§ **INFORMATION SHOWN**
*** Block opens ***
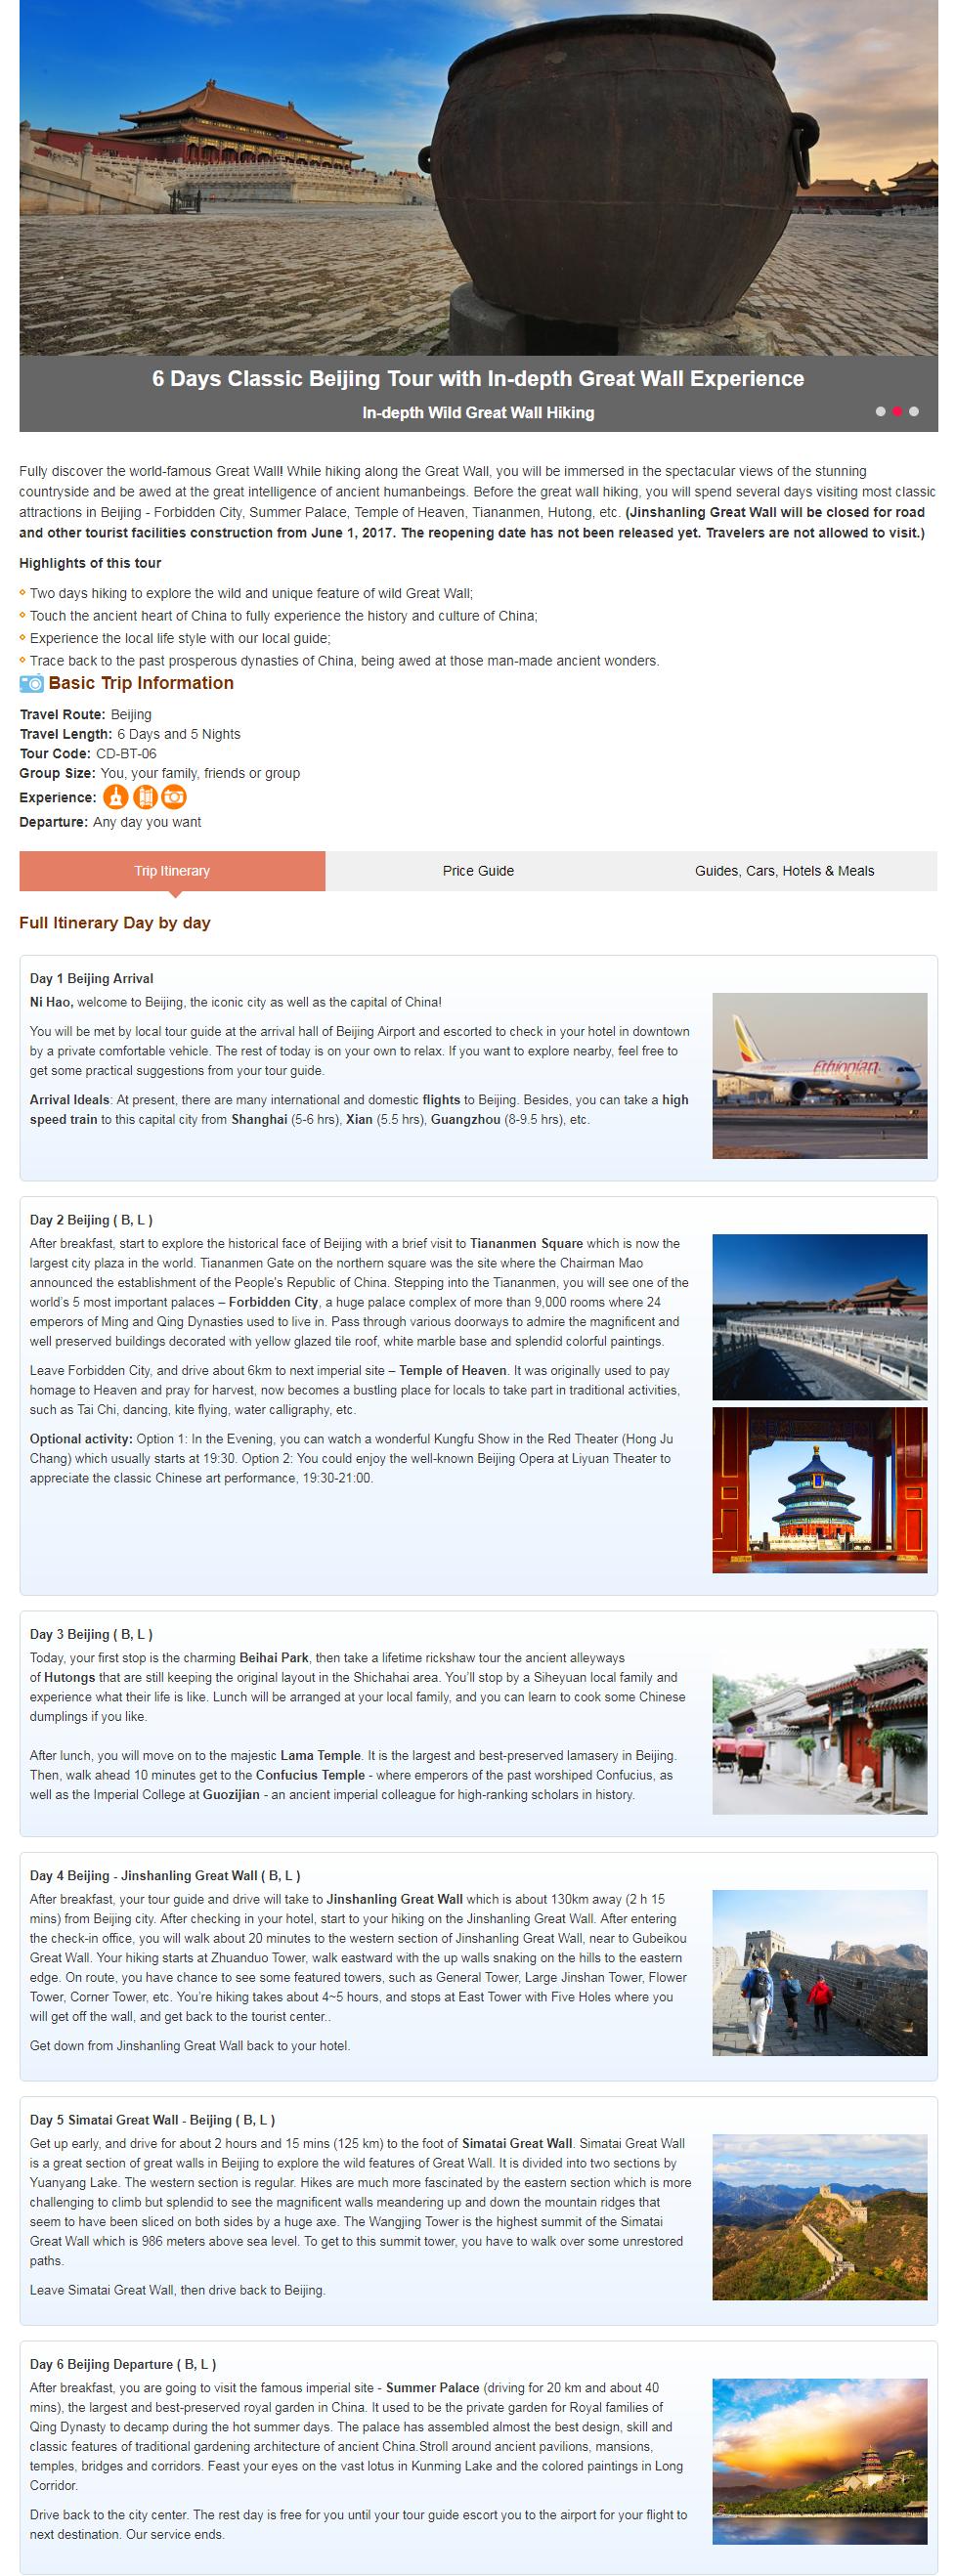 Opera Snapshot_2017-12-13_071339_www.chinadiscovery.com
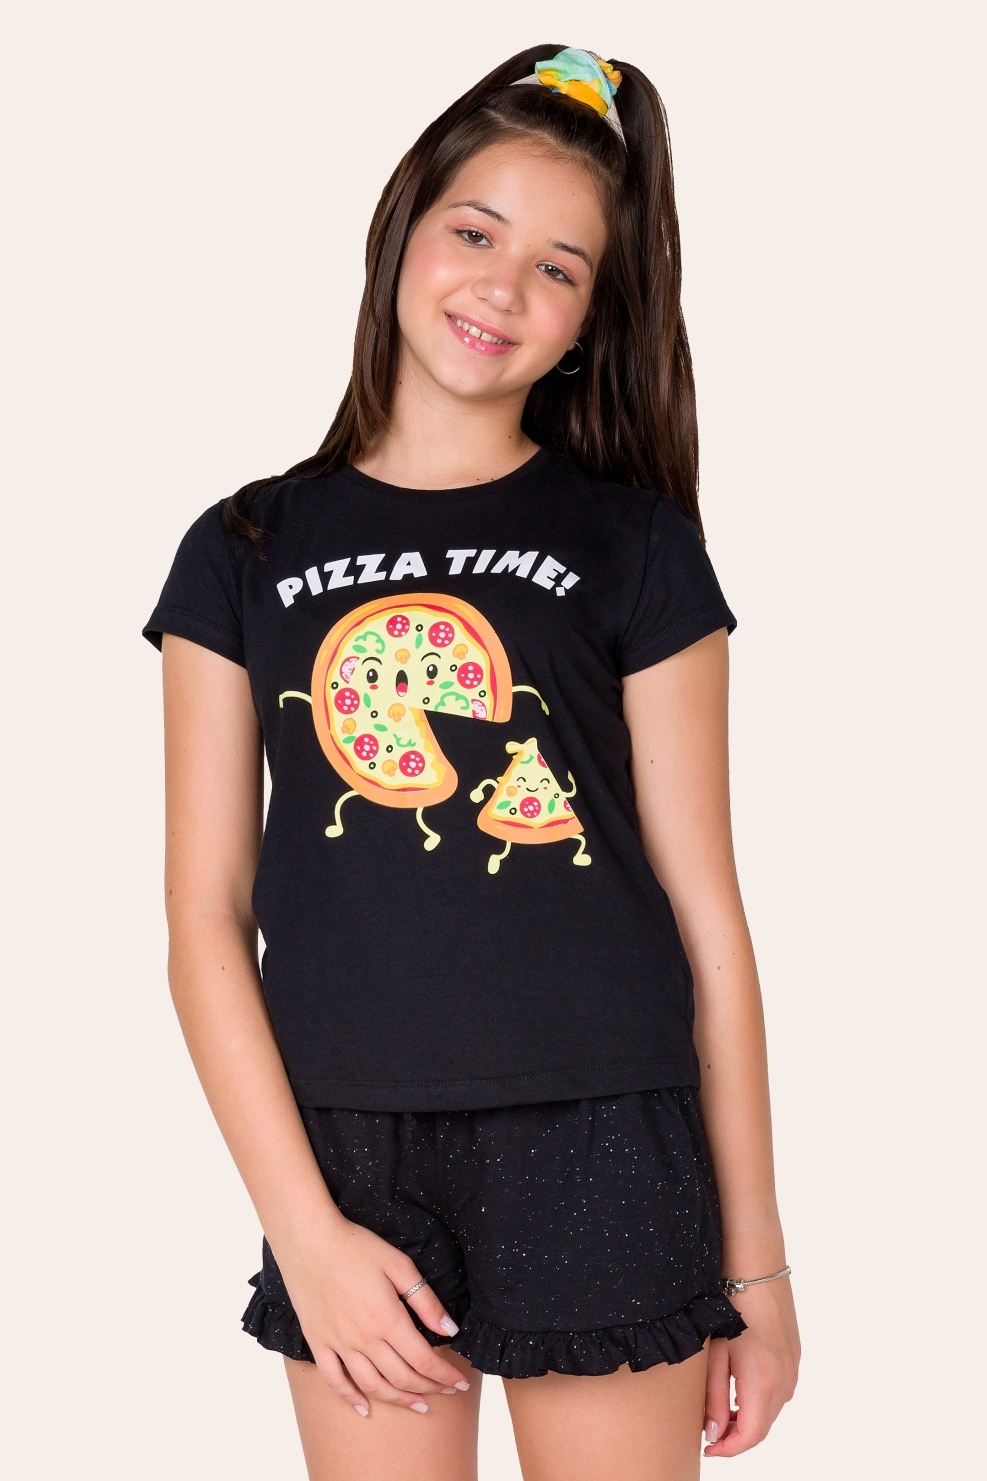 041/B - Pijama Juvenil Feminino  Pizza Time - Família
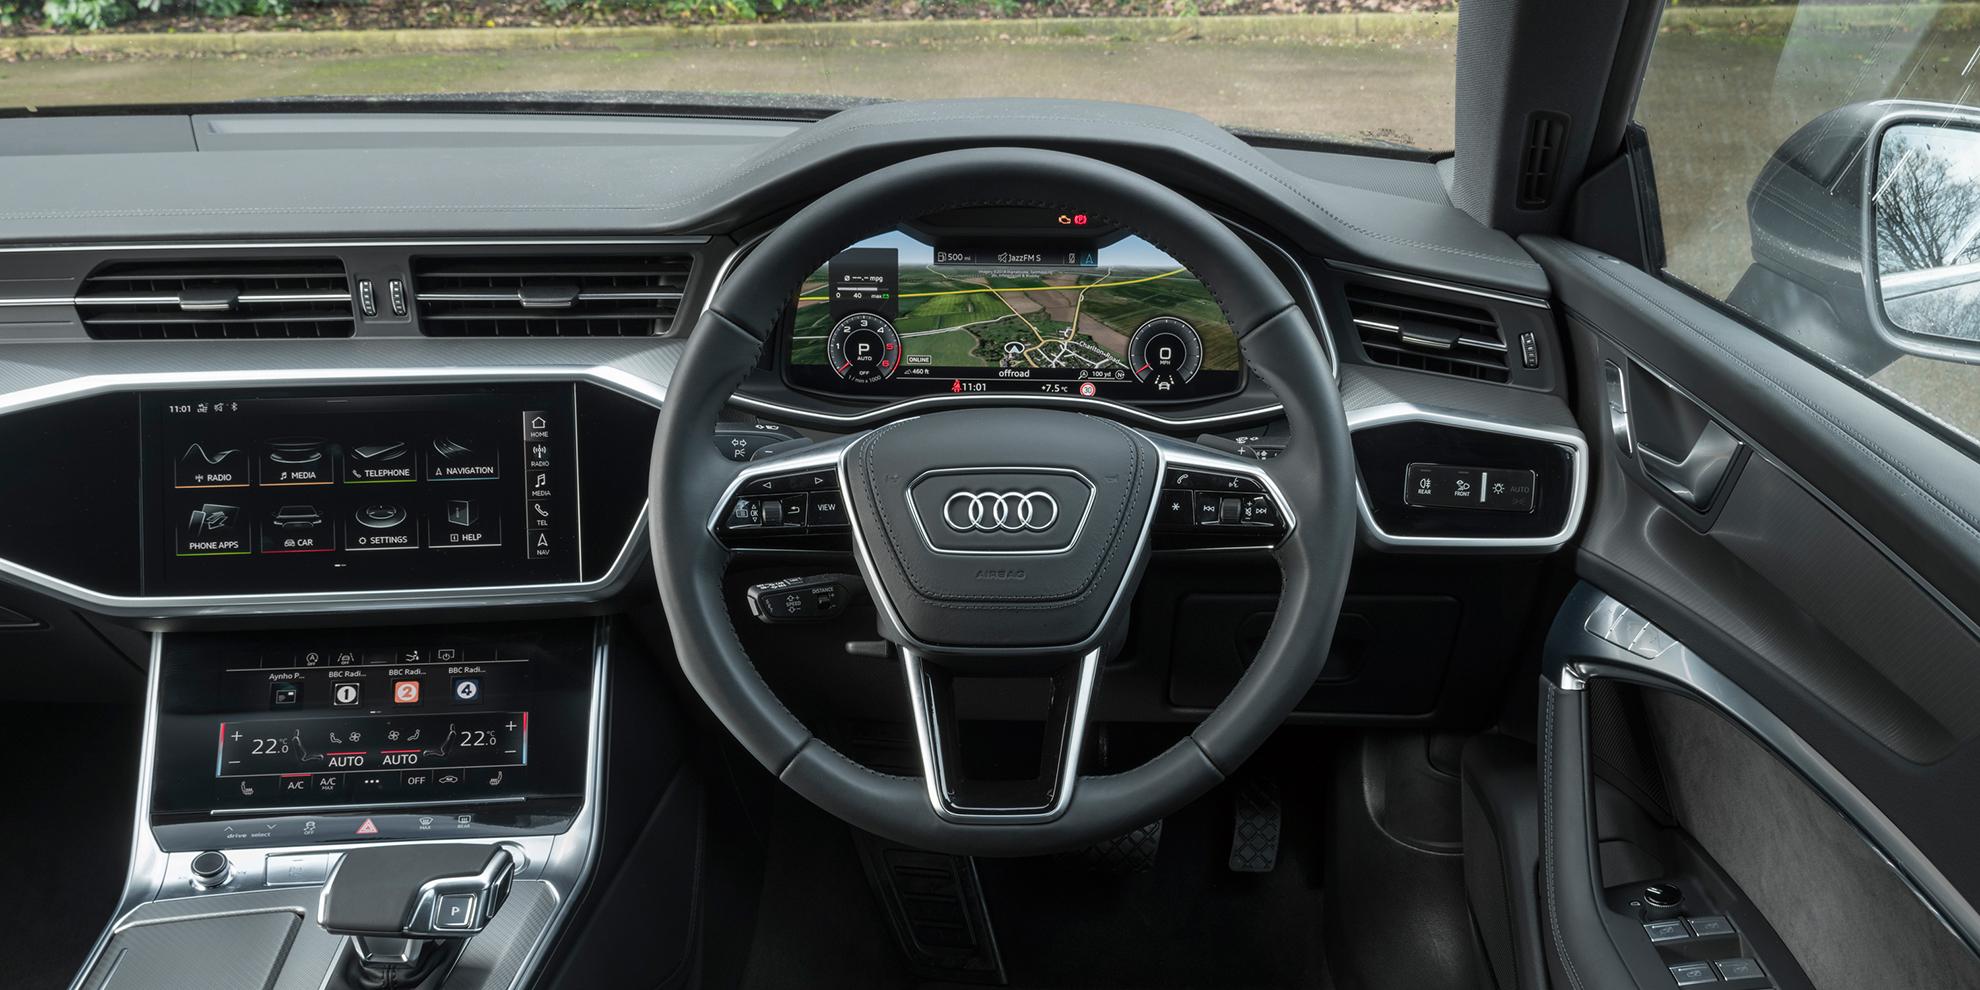 Kelebihan Kekurangan Audi A7 Sportback Murah Berkualitas
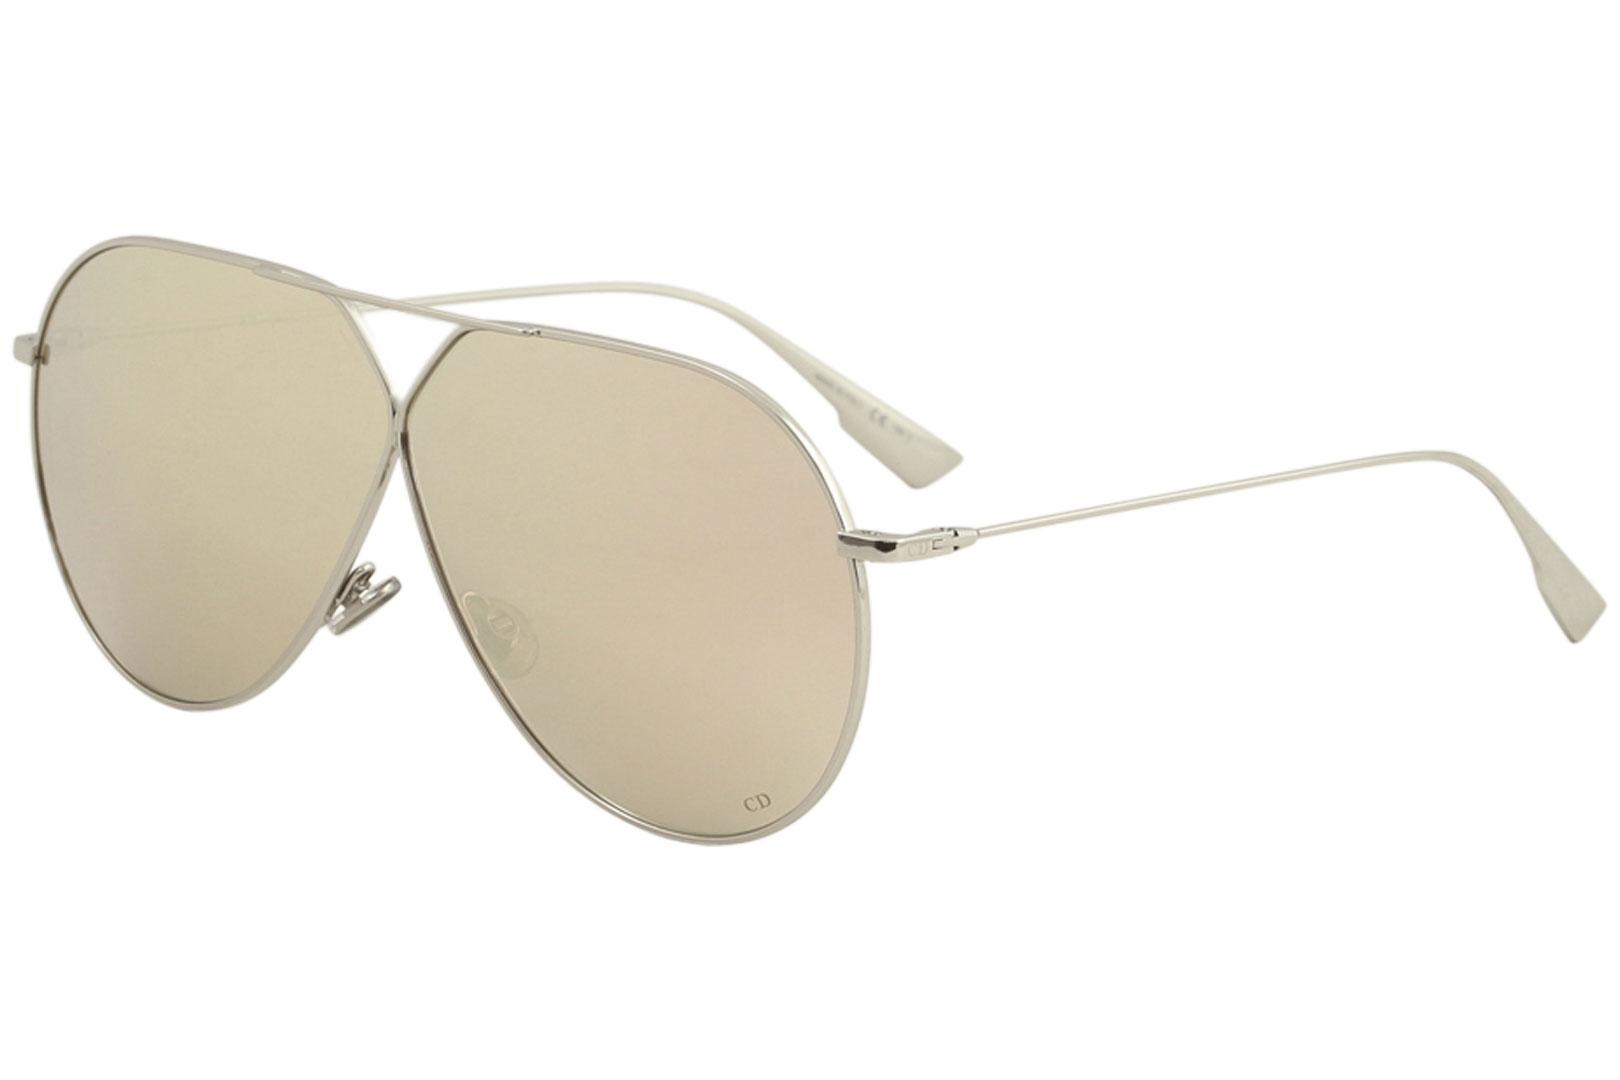 Image of Christian Dior Women's DiorStellaire3 Fashion Pilot Sunglasses - Palladium/Pink Gold Mirror   010/SQ - Lens 65 Bridge 01 B 55.8 ED 71.9 Temple 145mm
*** Block closes ***
§ **EXERCISE DESCRIPTION**
What you return must match the data above exactly, with no images included.

§ **RESPONSE TO THE TASK**
 Opera Snapshot_2017-12-13_071339_www.chinadiscovery.com
 041/B - Pijama Juvenil Feminino  Pizza Time - Família
 Kelebihan Kekurangan Audi A7 Sportback Murah Berkualitas
 Image of Christian Dior Women's DiorStellaire3 Fashion Pilot Sunglasses - Palladium/Pink Gold Mirror   010/SQ - Lens 65 Bridge 01 B 55.8 ED 71.9 Temple 145mm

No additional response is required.